Artifact evaluation for PLDI'14
Haskell Other
Switch branches/tags
Nothing to show
Clone or download
Fetching latest commit…
Cannot retrieve the latest commit at this time.
Permalink
Failed to load latest commit information.
accuracy
happstack
prisoners
.gitignore
README.md

README.md

Resource Limits for Haskell: PLDI'14 Artifact Evaluation

Warning: Since the PLDI artifact evaluation, development has progressed further and some bugs have been fixed. The VM image has not been updated for historical interest, but be aware!

This page describes the set of GHC patches and support libraries, as well as evaluation code, for the paper Resource Limits for Haskell. You can access our artifact via this 7 GB VM image (Warning: this is an SCS lab hosted machine. We have turned off logging though!). The VM is a minimal Arch Linux distribution with a complete build of GHC and associated libraries. There is a user 'lambda' with password 'rlimits'. (The root password is also the same).

lambda's home directory contains the following:

  • pldi14-rlimits-aec contains instructions on how to replicate all of the measurements seen in the evaluation section of the paper. There are three subfolders, and each contains a README with further instructions. You can also view the READMEs by browsing this Git repository.

  • ghc contains the build-tree of our patched version of GHC 7.8 with support for resource limits. It has been installed to /usr/local, so if you type ghc --version you will be using our copy of GHC. You can view the patchset that was applied using git log, but to run our software, you don't have to interact with this directory.

  • rlimits contains the primary auxiliary library support for resource limits, including the information-flow control monad Control.Monad.RLimits described in Section 3 of the paper. As with ghc, the library has already been installed, so you don't have to interact with this directory, except to look at the source code. This code is available at https://github.com/ezyang/rlimits

Tutorial

This tutorial assumes some familiarity with Haskell.

Raw resource limits

A good start is to ensure that resource limits has been installed properly. Here is a short file 1.hs which imports our resource limits module.

-- 1.hs
import Control.RLimits

main = putStrLn "Hello World!"

You can build the file using ghc -O --make 1.hs, which results in an executable named 1.

Control.RLimits provides the low-level access to the resource-limits API as described in section 2. We can write a short program which creates a resource container (newRC), switches into it (withRC), and exhausts its space resources (for synthetic examples, this can be a little tricky; more on this later):

-- 2.hs
import Control.RLimits
import Control.Exception

main :: IO ()

main = do
    parent_rc <- getCurrentRC
    rc <- newRC 200 parent_rc
    withRC rc (loop [1])

loop n = do
    _ <- evaluate (length n)
    loop (n ++ n)

When you run this program, it exits with a heap overflow, as the loop repeatedly doubles the size of a list.

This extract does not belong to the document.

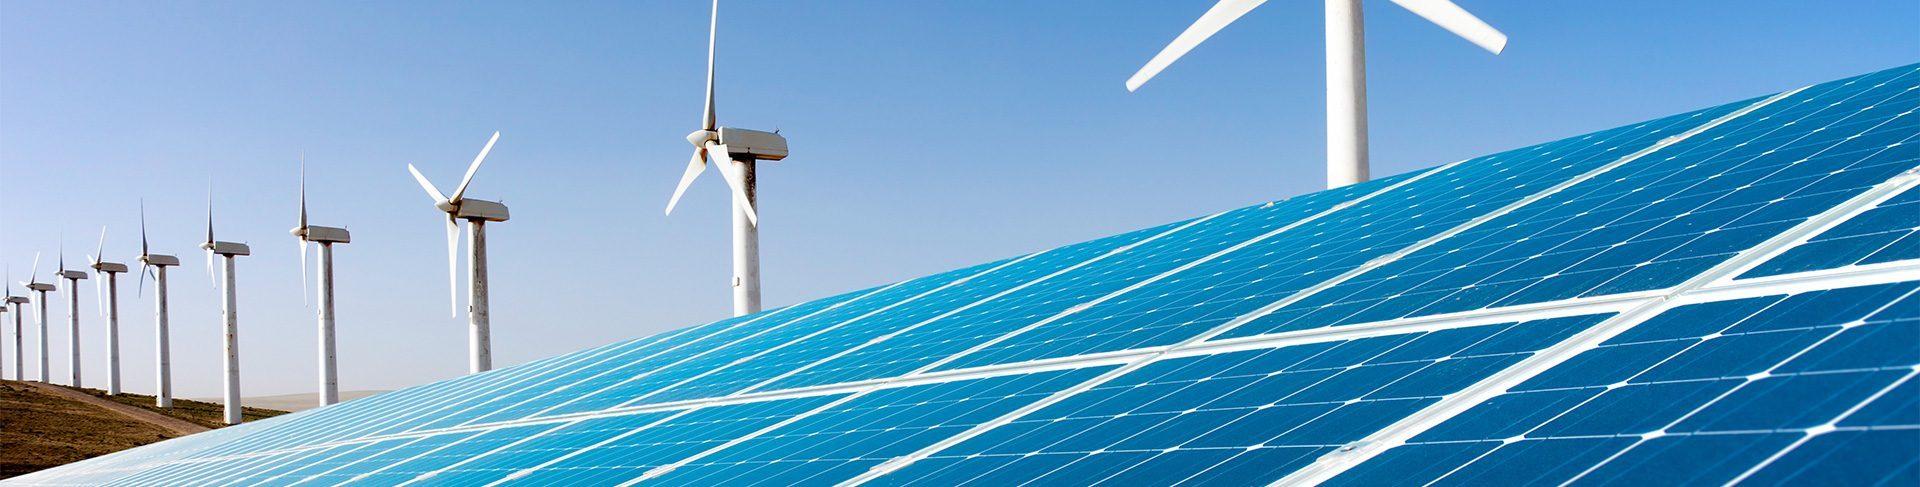 Evlerde Solar Güneş Panel Montajı

Differently from the paper, newRC accepts a number of blocks to be allocated to the resource container. The size of a block in GHC is 4 KB. You also have to provide a parent resource container to associate with the container; at the moment, this is only used internally, and has no effect on the semantics of resource containers.

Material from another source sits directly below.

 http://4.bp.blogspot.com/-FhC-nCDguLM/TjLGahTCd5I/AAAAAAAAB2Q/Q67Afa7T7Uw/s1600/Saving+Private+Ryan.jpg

When constructing synthetic examples, some care should be taken: the most common reasons for a limit to not be hit when you expect it to are (1) the program is time-bound, not space-bound (check top), and (2) the costs are not being charged to the container you think they are being charged to. These difficulties are closely related to the difficulty of performing microbenchmarks in Haskell: it can be quite difficult to tell when a computation is happening, and our paper does not introduce any new special forms to Haskell to make this easier. Usually, computation that is done by the IO monad will be attributed properly, but you still need to be careful. Here is a slightly tweaked version of the previous example:

loop n = do
    evaluate (length n)
    loop (n ++ n)

When compiled without optimizations, the cost of this loop is charged to the top-level, and not the most recently allocated resource container. What happened? It turns out these two different uses of do-notation compile differently: in the second case, the unoptimized Haskell program builds a tree of IO actions, before actually running the actions in the withRC. If you need to run a pure computation inside a container, use withRC1.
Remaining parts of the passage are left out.